** Given data **
-- -- --
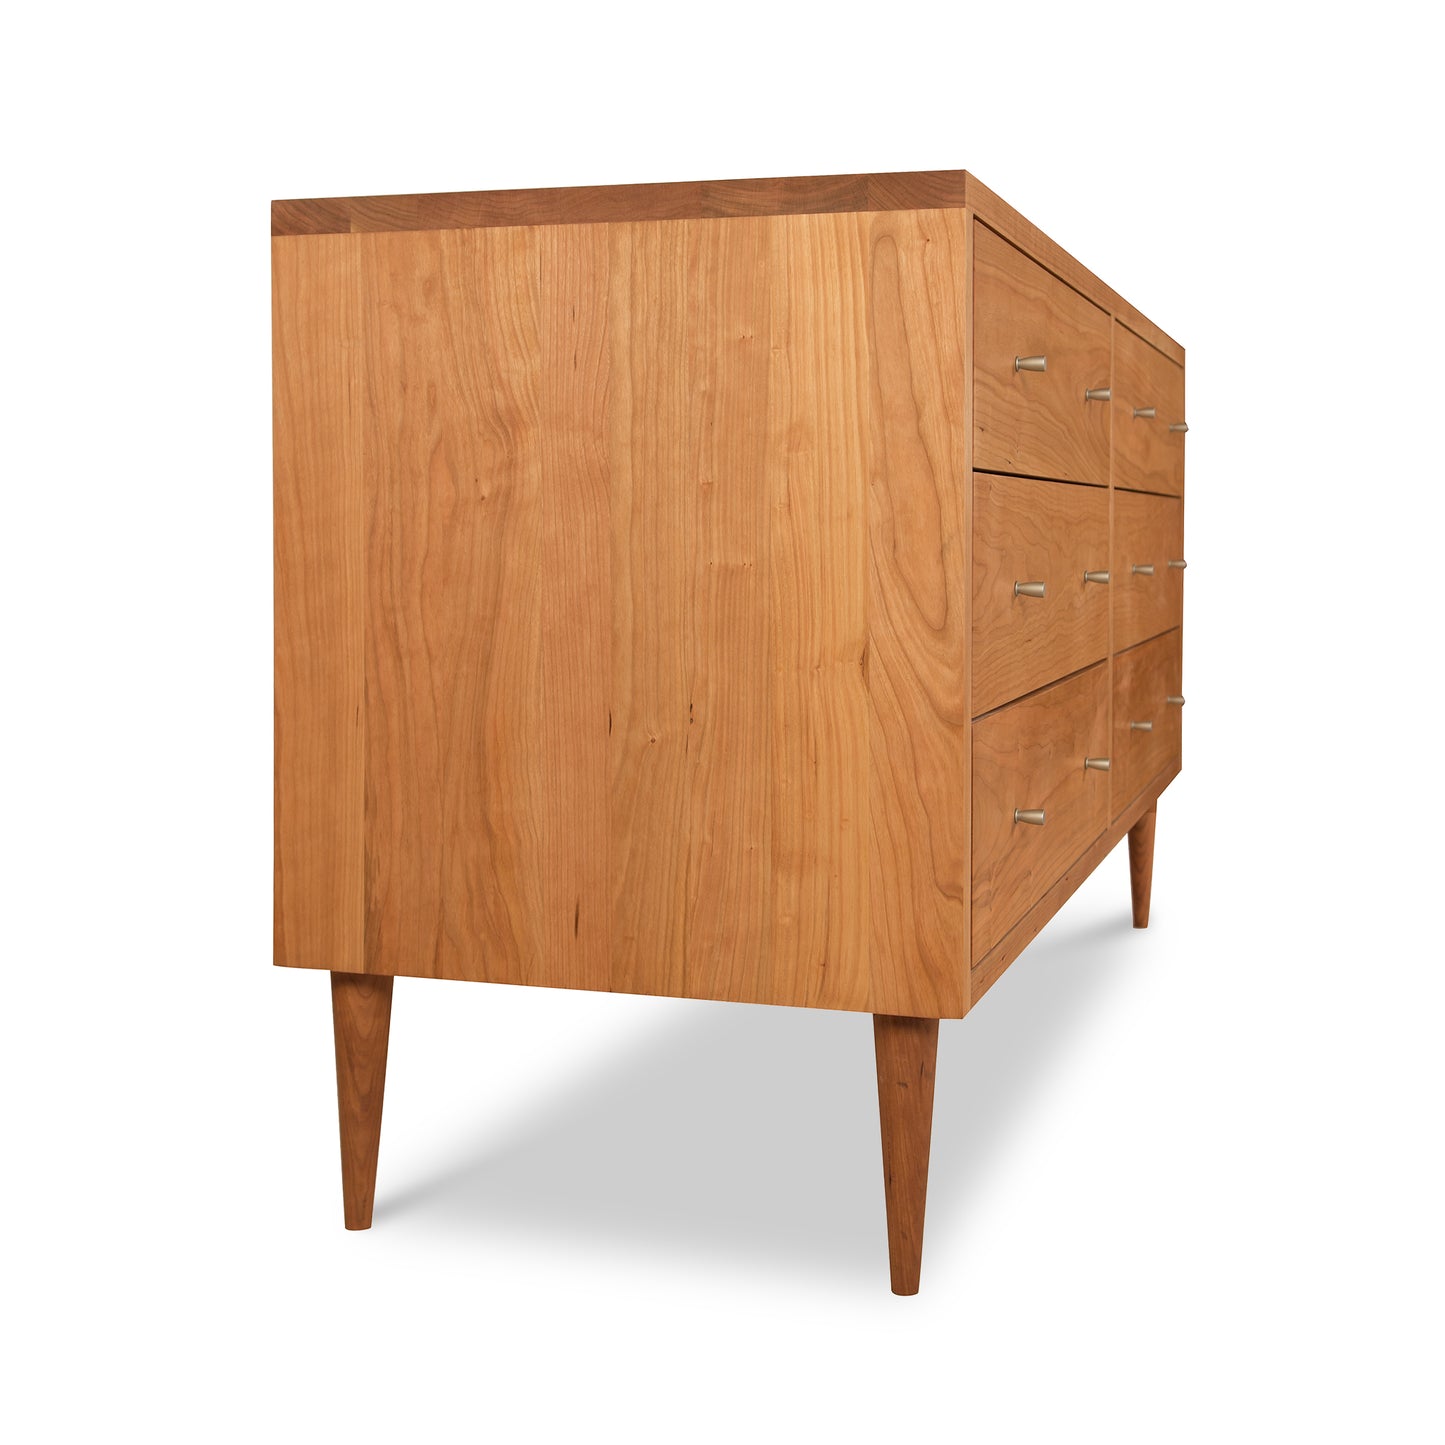 A wooden Vermont Furniture Designs Larssen 6-Drawer Dresser, presented against a white background.
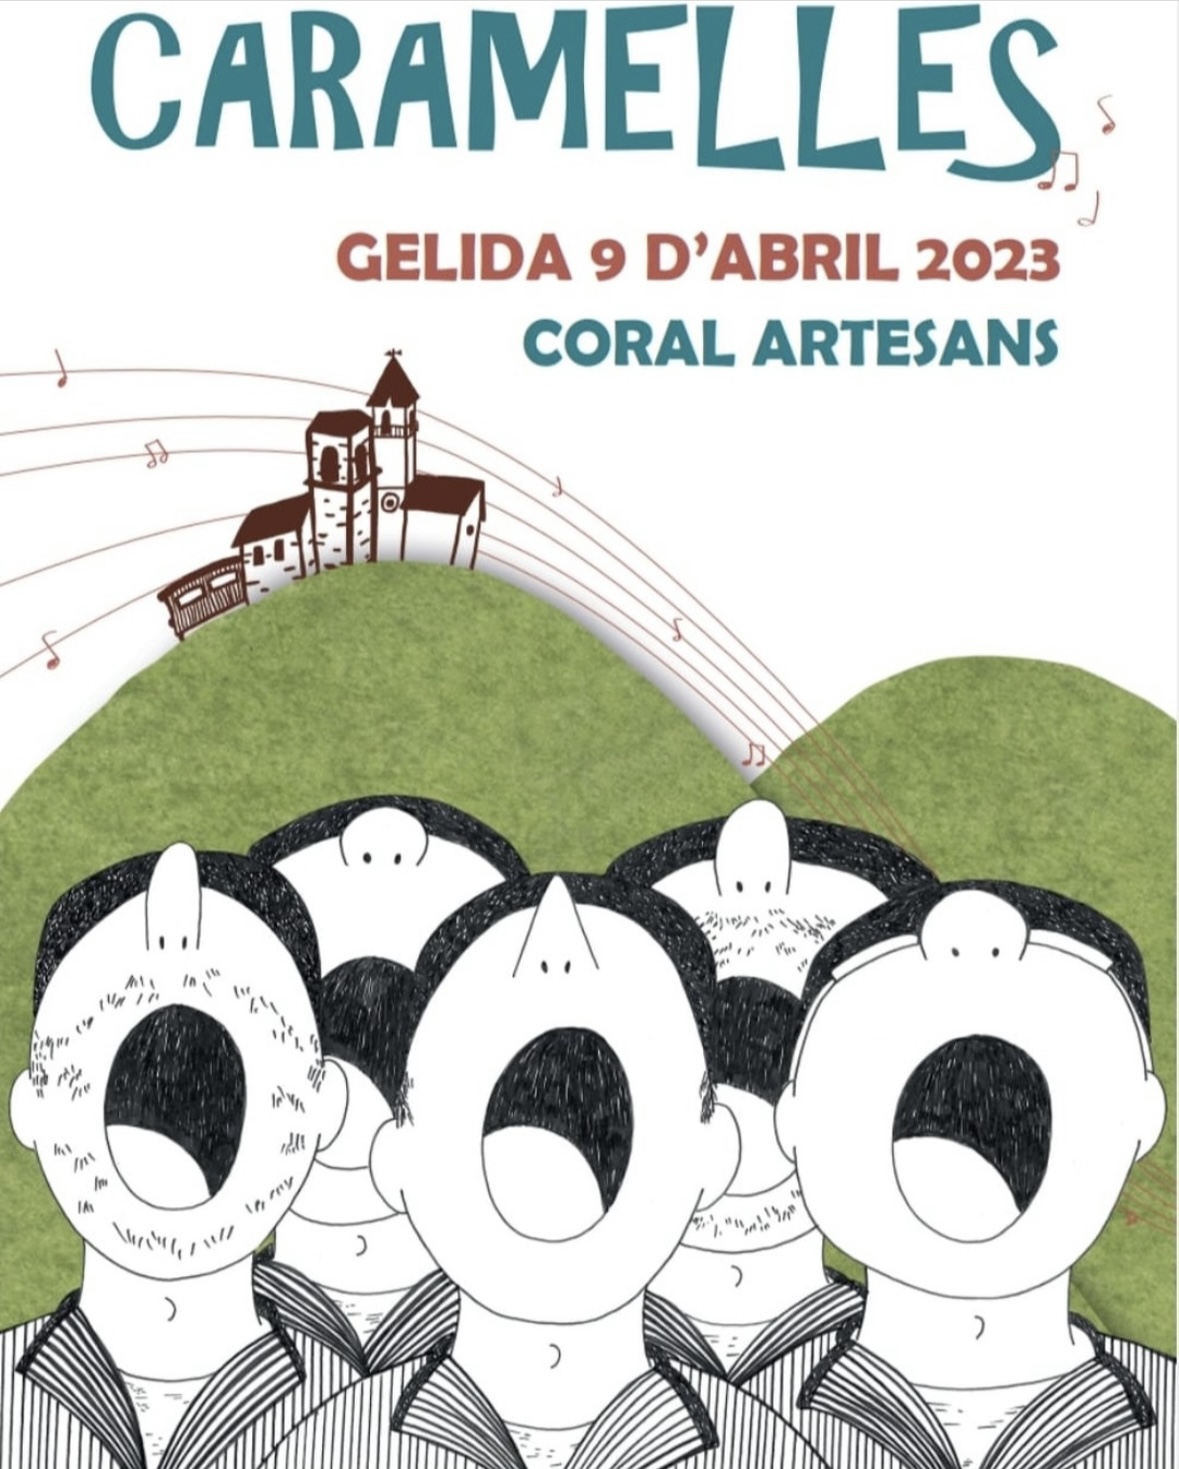 La Bustia cartell caramelles Coral Artesans Gelida
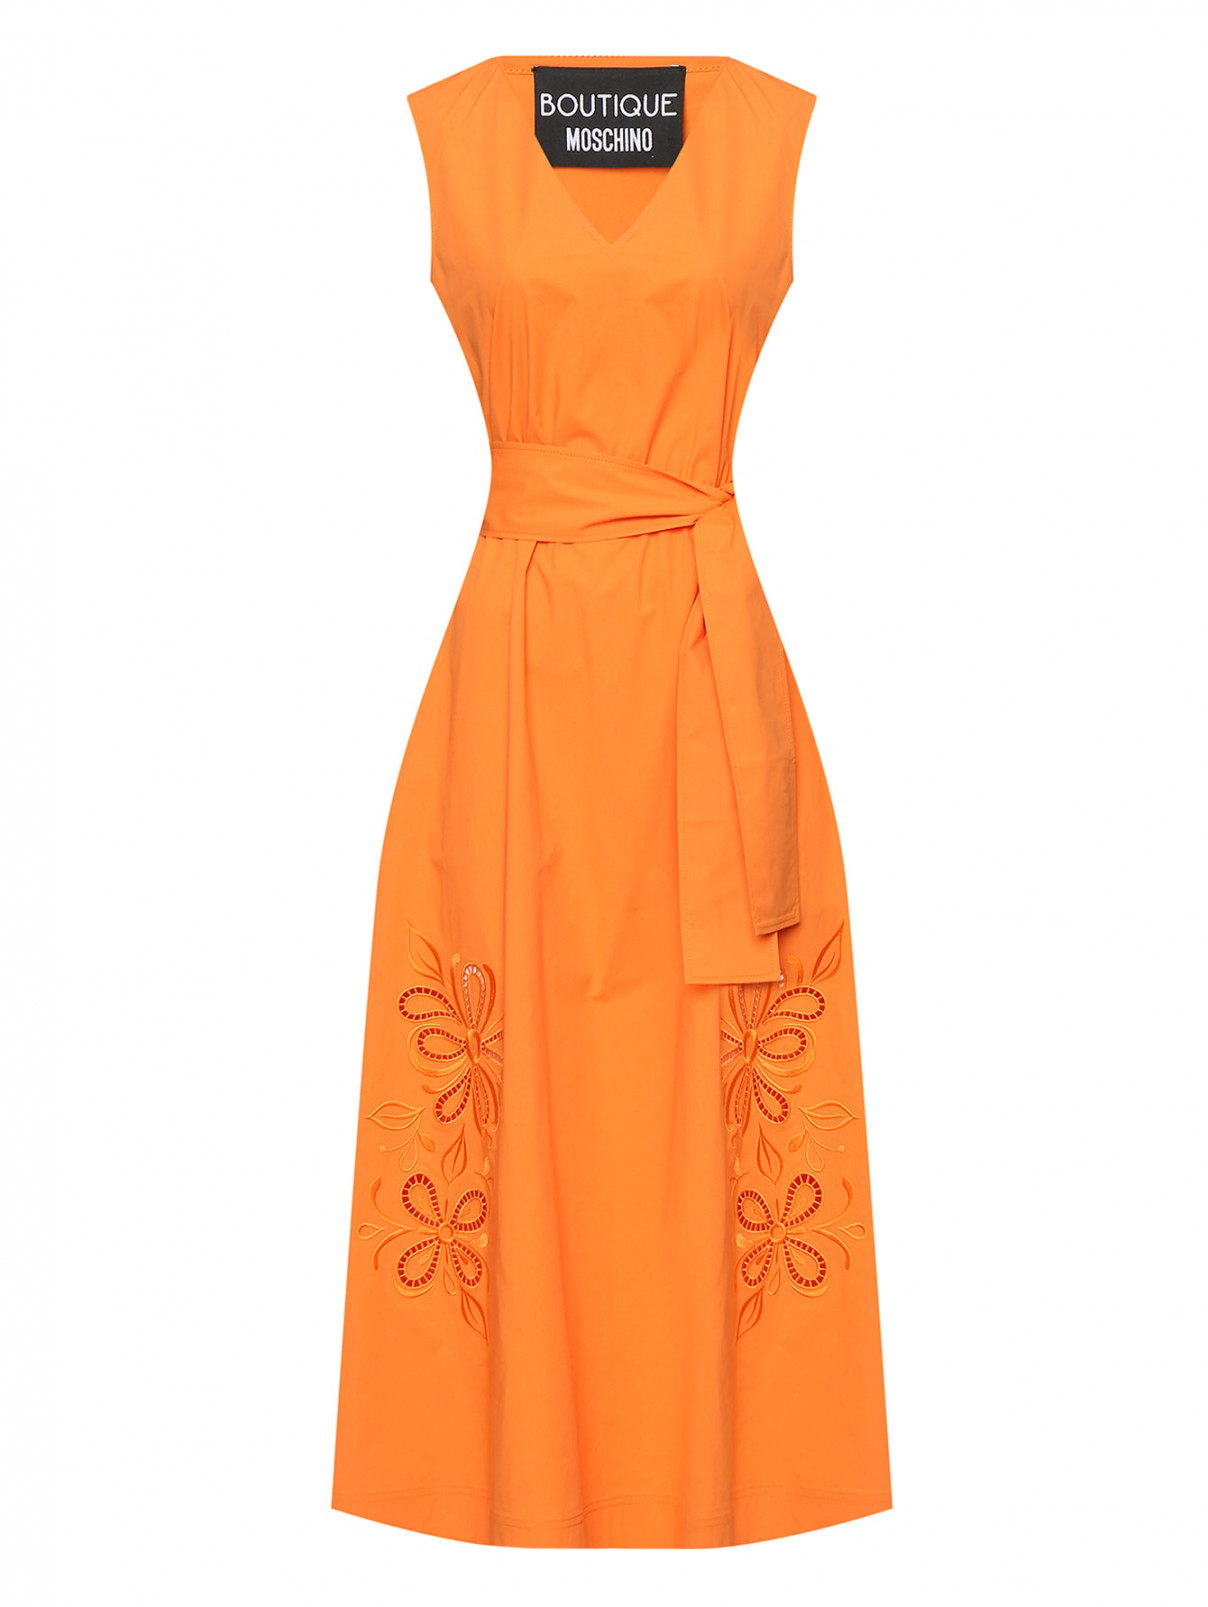 Платье из хлопка с вышивкой Moschino Boutique  –  Общий вид  – Цвет:  Оранжевый
-- -- --
** Exercise aim **
Every line between the one containing "La Bustia cartell" and the last line of the data above, both included, should be copied exactly, but not the pictures.

** Solution to this problem **
 La Bustia cartell caramelles Coral Artesans Gelida
 Платье из хлопка с вышивкой Moschino Boutique  –  Общий вид  – Цвет:  Оранжевый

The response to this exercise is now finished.